Alvaro Herrera <alvherre@2ndquadrant.com>

From: Alvaro Herrera <alvherre@2ndquadrant.com>
To: Andres Freund <andres@anarazel.de>
Cc: Thomas Munro <thomas.munro@gmail.com>, Jakub Wartak <Jakub.Wartak@tomtom.com>, Robert Haas <robertmhaas@gmail.com>, pgsql-hackers <pgsql-hackers@postgresql.org>
Date: 2020-08-26T18:09:50Z
Lists: pgsql-hackers
On 2020-Aug-25, Andres Freund wrote:

> Hi,
> 
> On 2020-08-26 15:58:14 +1200, Thomas Munro wrote:
> > >                 --12.51%--compactify_tuples
> > >                           PageRepairFragmentation
> > >                           heap2_redo
> > >                           StartupXLOG
> > 
> > I wonder if there is something higher level that could be done to
> > reduce the amount of compaction work required in the first place, but
> > in the meantime I'm very happy if we can improve the situation so much
> > with such a microscopic improvement that might eventually benefit
> > other sorting stuff...
> 
> Another approach could be to not perform any sorting during recovery,
> instead including enough information in the WAL record to avoid doing a
> full blown PageRepairFragmentation during recovery.
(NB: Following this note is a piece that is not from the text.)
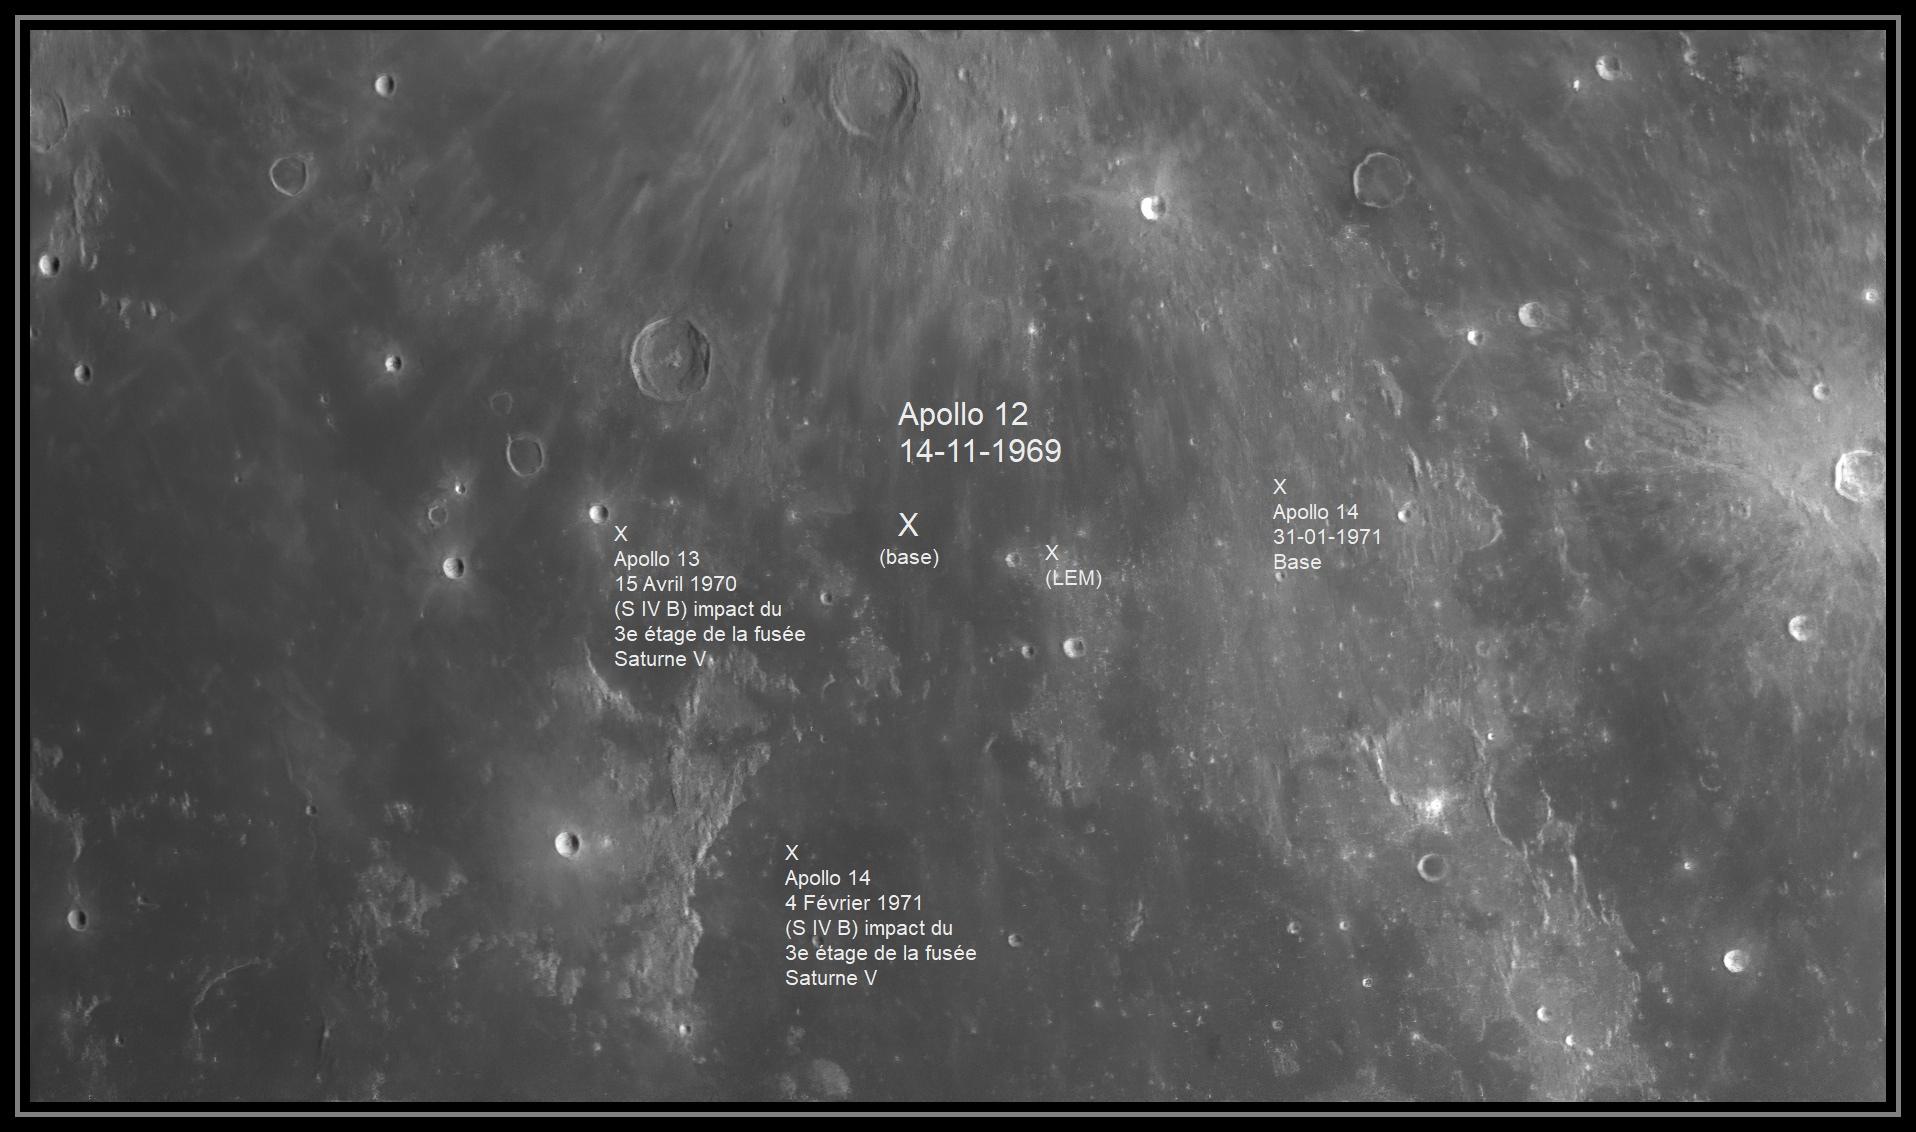 5e4868d1e8b22_Moon_215445_060220_ZWOASI290MM_B_AS_P35_lapl4_ap1394-Apollo12.jpg.a7bf8718386247b8a7330d8585c41870.jpg

Hmm, including the sorted ItemId array in the WAL record might make
sense to alleviate the qsort work ...

-- 
Álvaro Herrera                https://www.2ndQuadrant.com/
PostgreSQL Development, 24x7 Support, Remote DBA, Training & Services



Commits

  1. Remove unused function prototypes.

  2. Defer flushing of SLRU files.

  3. Improve the vacuum error context phase information.

  4. Cache smgrnblocks() results in recovery.

  5. Refactor the fsync queue for wider use.

  6. Increase maximum number of clog buffers.

  7. Make the number of CLOG buffers adaptive, based on shared_buffers.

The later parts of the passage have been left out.